I'm a lurker that has decided to dive in finally and I have a question for you LGB guru's.. I have an 80's vintage 2080S that just started displaying some weird whistling! The chuff and bell work as usual, but the whistle (once activated either on startup or once the engine slides across the treadle) only blows for a split second and then dies out? You can then hear the last portion of the second pitch tone of the whistle a few seconds later. 


So, it's fully going through the motions and cycling, but not audibly?? 

Any BTDT, or is this likely the signs of a fried board? 

The 9V battery is new and the engine is being run via a larger Bridgeworks transformer.

Thanks all!


----------



## krs (Feb 29, 2008)

Which bridgewerks unit are you using? 
Some of them put out a much higher voltage than the 22 VDC maximum specified for that engine - I think that is specified right on the engine if you turn it over. 

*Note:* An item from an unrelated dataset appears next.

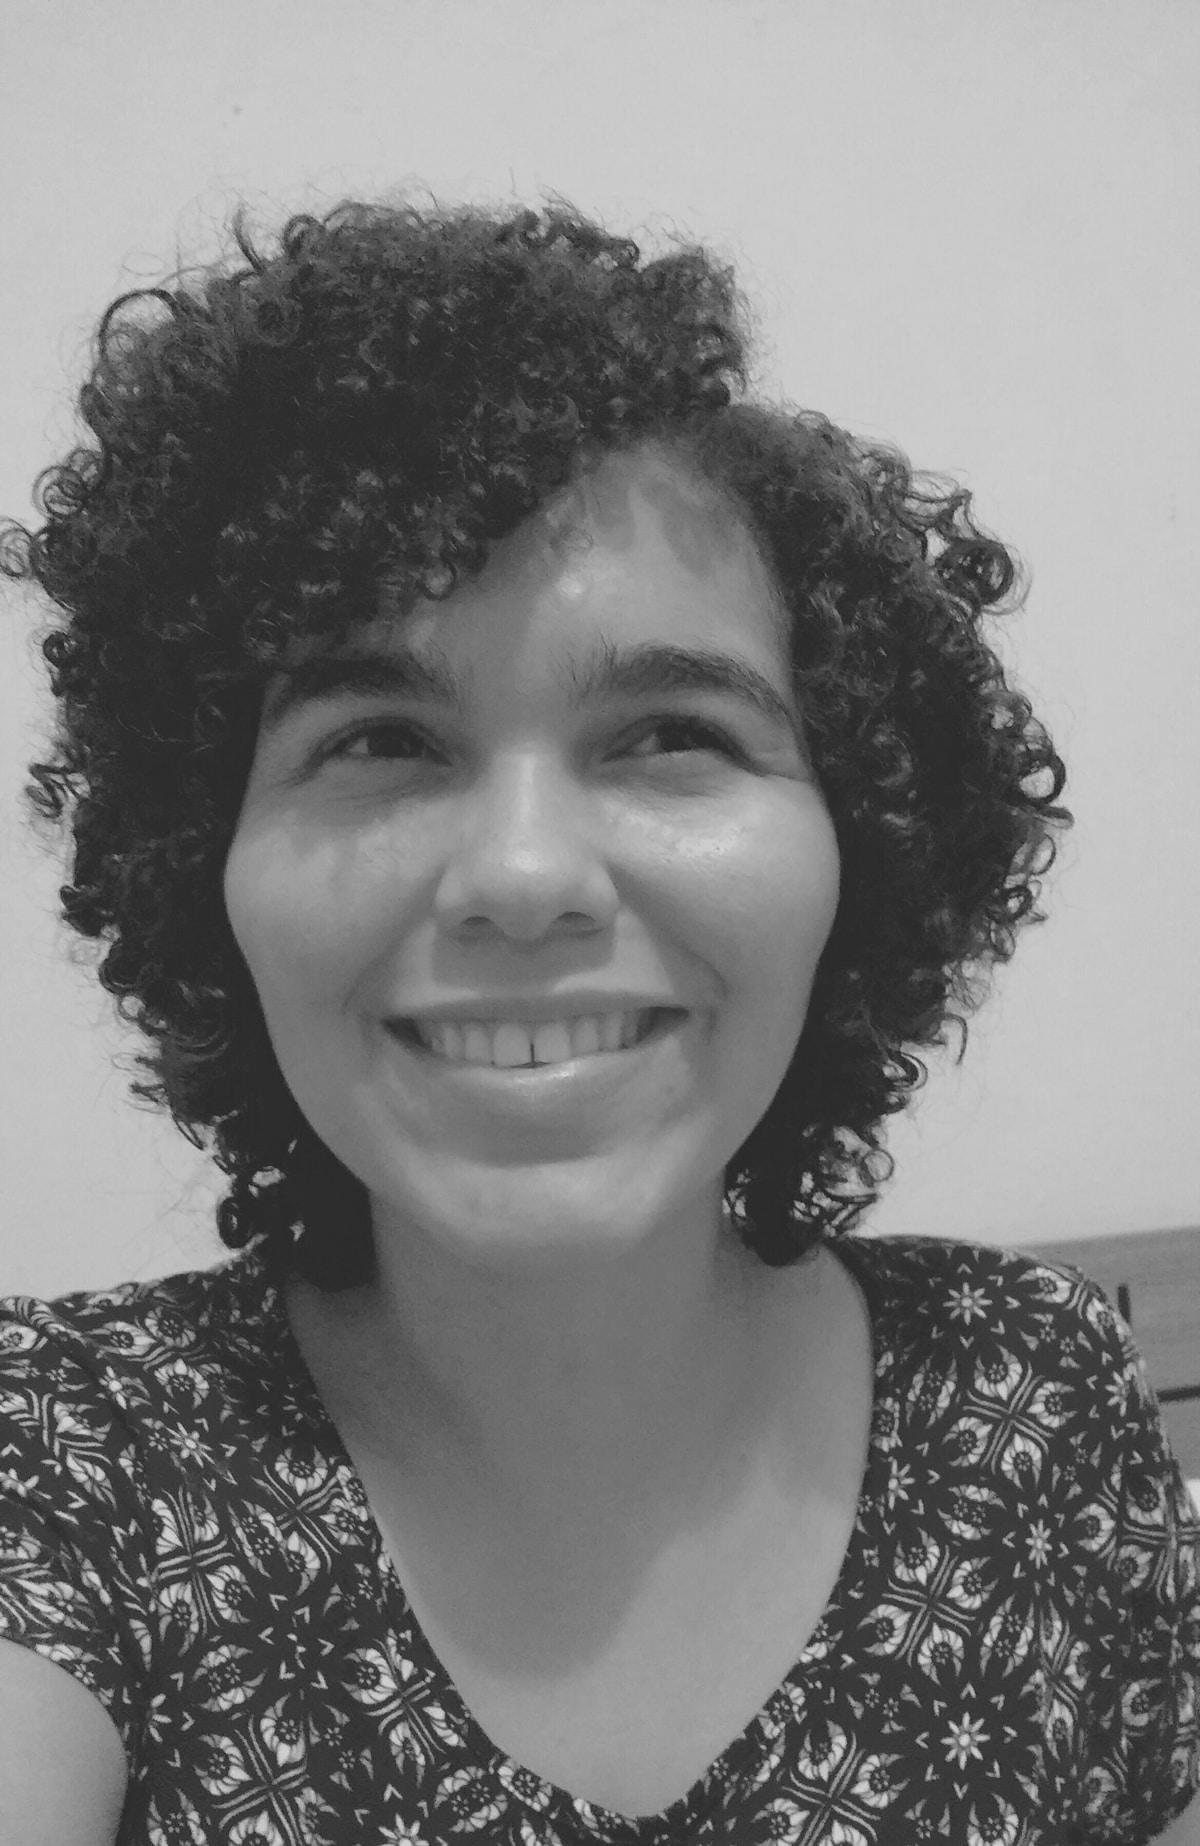 Go to Ana Terdolino's profile

And yes - it does sound as if part of the board is fried. 
Maybe someone else has had the same problem and can add to this. 

I would take the engine off the track - disconnect the battery - let it sit for a while, then reconnect the battery and try it with a low voltage on the track. 
If you get the same problem, specifically on start up, then there is a board problem 

Knut


----------



## Schroeders (Sep 29, 2009)

Thanks, that worked like a charm, I am whistling again! 

I am using a 15 amp (24 volt max IIRC) BW, but I am very careful on the voltage and use it to power 5 separate trains on about 197' outside, so it's pretty spread out. I am amazed how little amperage that the LGB Buler motors draw in comparison to say a pair of USA Trains F7's or the like, which are complete pigs.. 

Thanks again, most appreciated!


----------